Under Dutch national law, like in most continental legal systems, there is no
provision that allows claimants to obtain incriminating documents from the defendants.
It can be attributed to the claimants’ good luck that in 2013, Shell had to
provide the claimants with documents pursuant to US discovery rules.
IV. Residual
questions and outlook
The
legal issues elaborated above evidence the inaptness of national legal systems to
deal with transnational cases involving corporate defendants. The panelists
explained that claimants find themselves in a race against time: not only with
regards to limitation periods, but also concerning practical issues – evidence
disappears, witnesses die. Business and human rights cases stand or fail with
the capacities of national courts to accommodate these cases in a quick and
efficient manner.
Kiobel also
raises wider issues regarding the responsibility of former colonial states vis-à-vis
countries that emerged from colonial rule. When following the Kiobel proceedings,
it must be borne in mind that, as Van Ho pointed out, Shell was granted
the drilling and extraction license in 1936, when Nigeria was still a British
colony.
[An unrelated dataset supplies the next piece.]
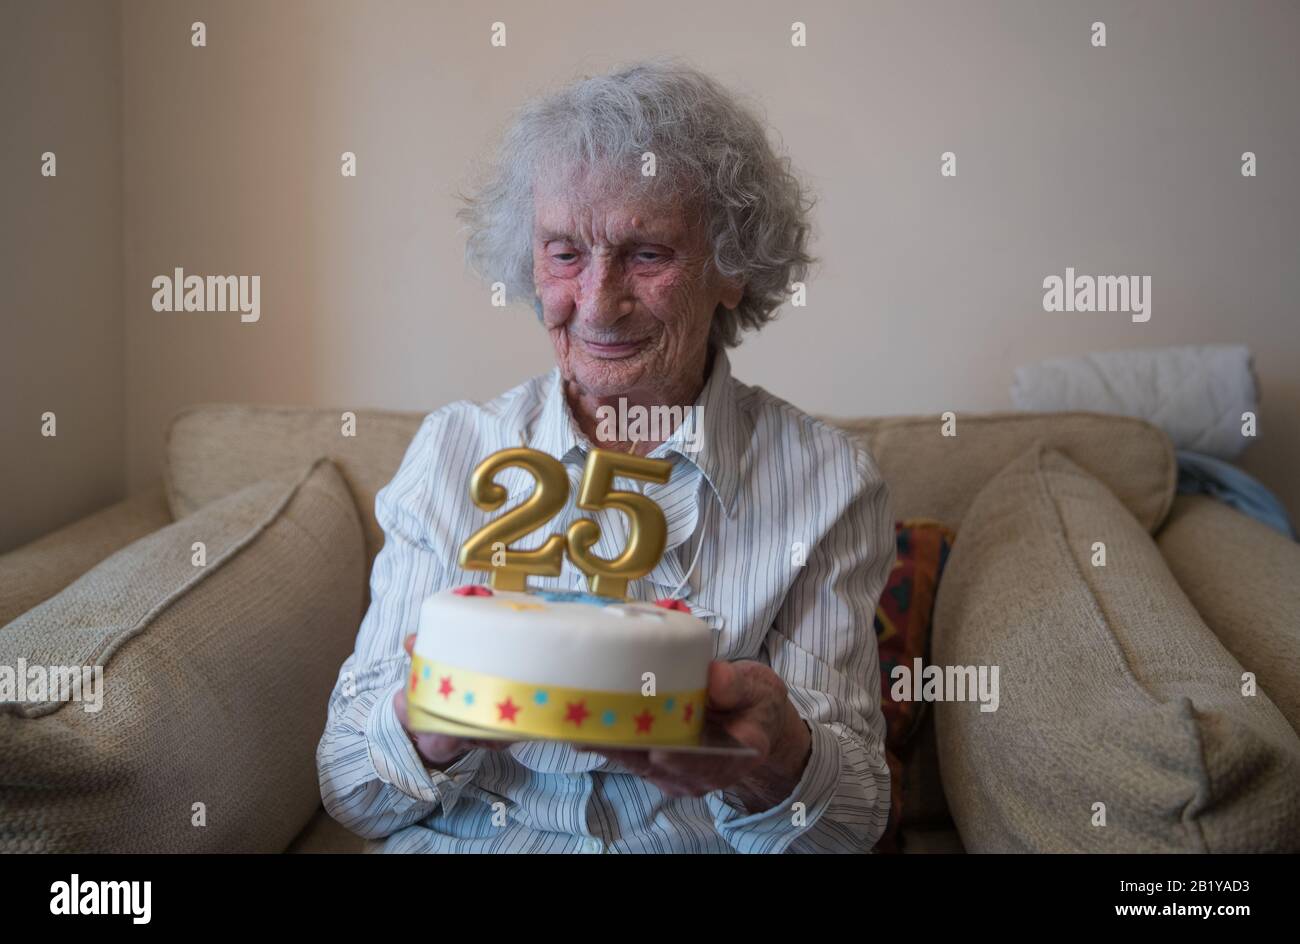 Great-great grandmother Doris Cleife holds a birthday cake with candles showing the number 25, in her flat at Housing 21's Brunel Court in Portsmouth, as she prepares to turn 100 years old on 29th February, though it is only the 25th time Doris has been able to celebrate her birthday due to being born during a leap year. Stock Photo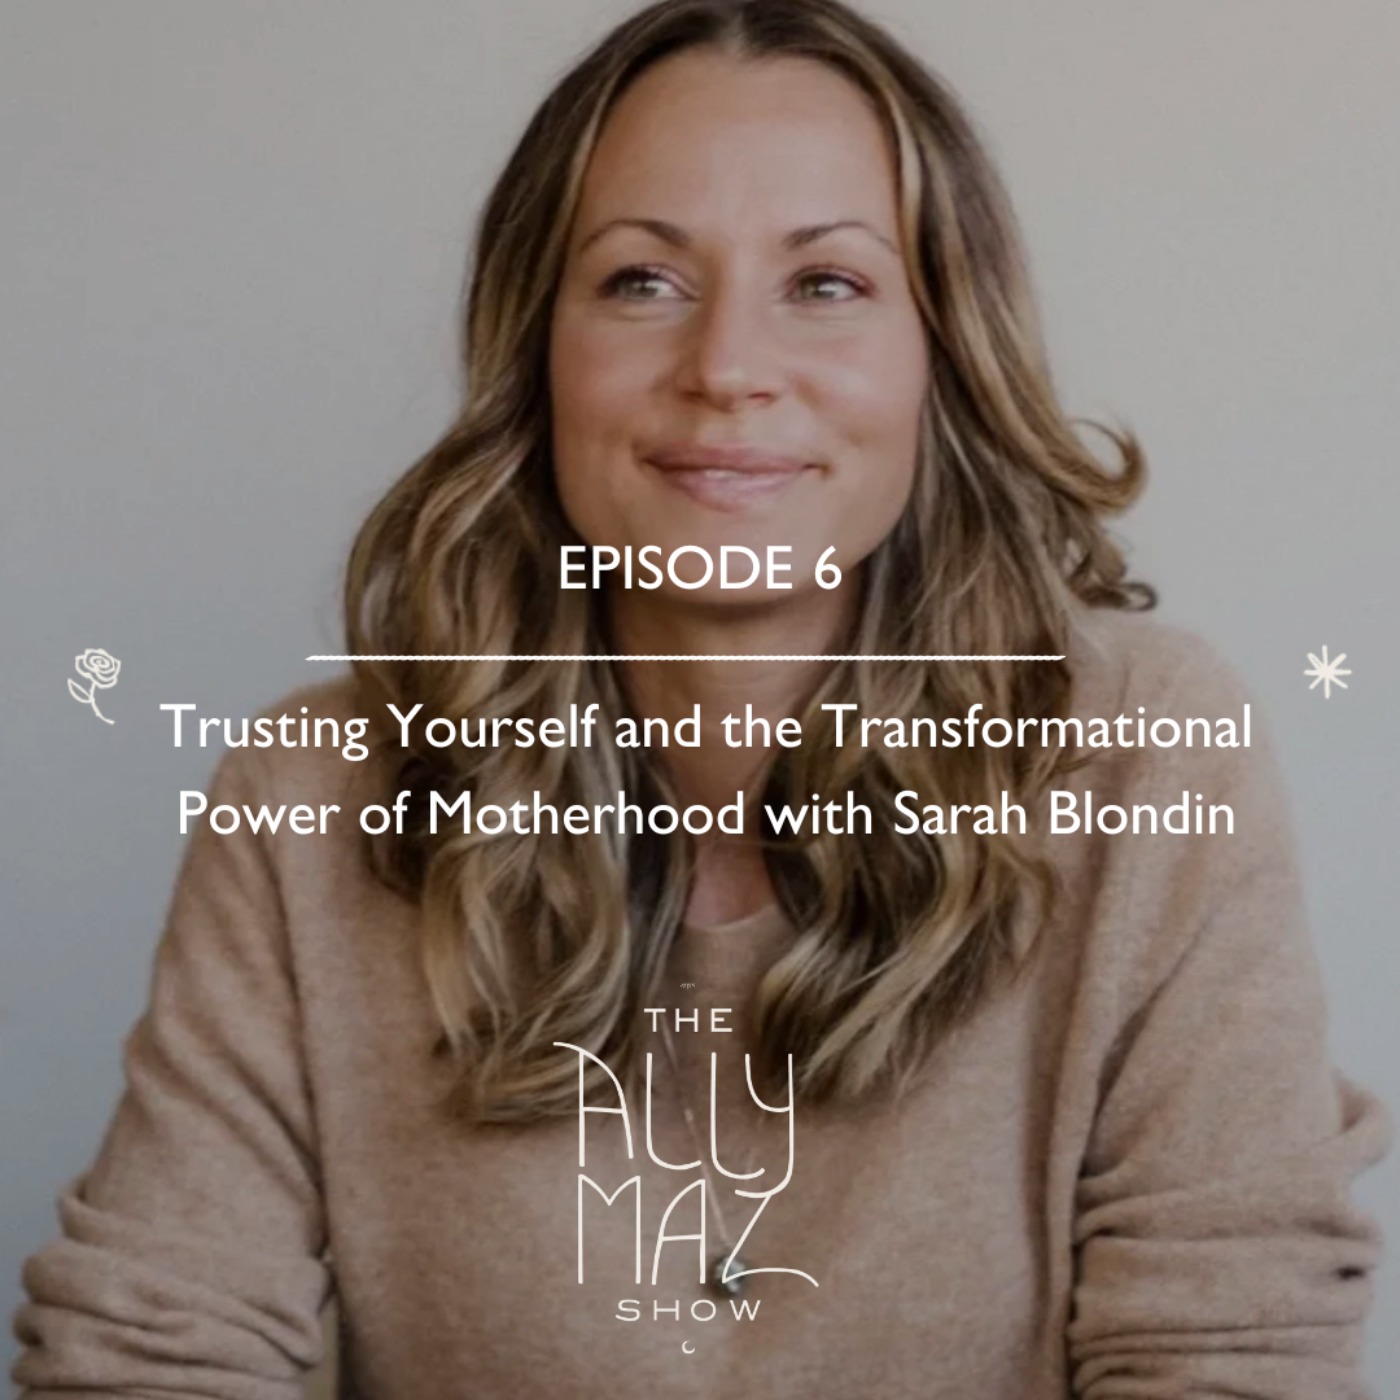 Trusting Yourself and the Transformational Power of Motherhood with Sarah Blondin

Cases such as Kiobel could also bear political ramifications,
such as a diplomatic fallout.
Concluding
her contribution to the panel, Van Ho shared her hope for future NAP
negotiations: national procedural law must be amended to accommodate complex
transnational cases; when drafting NAPs, governments and legislators ought to regulate
for the hurdles claimants such as Esther
Kiobel face: the difficulty of finding and paying a lawyer and producing
evidence. This is the only way for countries to fulfil their duty to provide
remediation for human rights violations.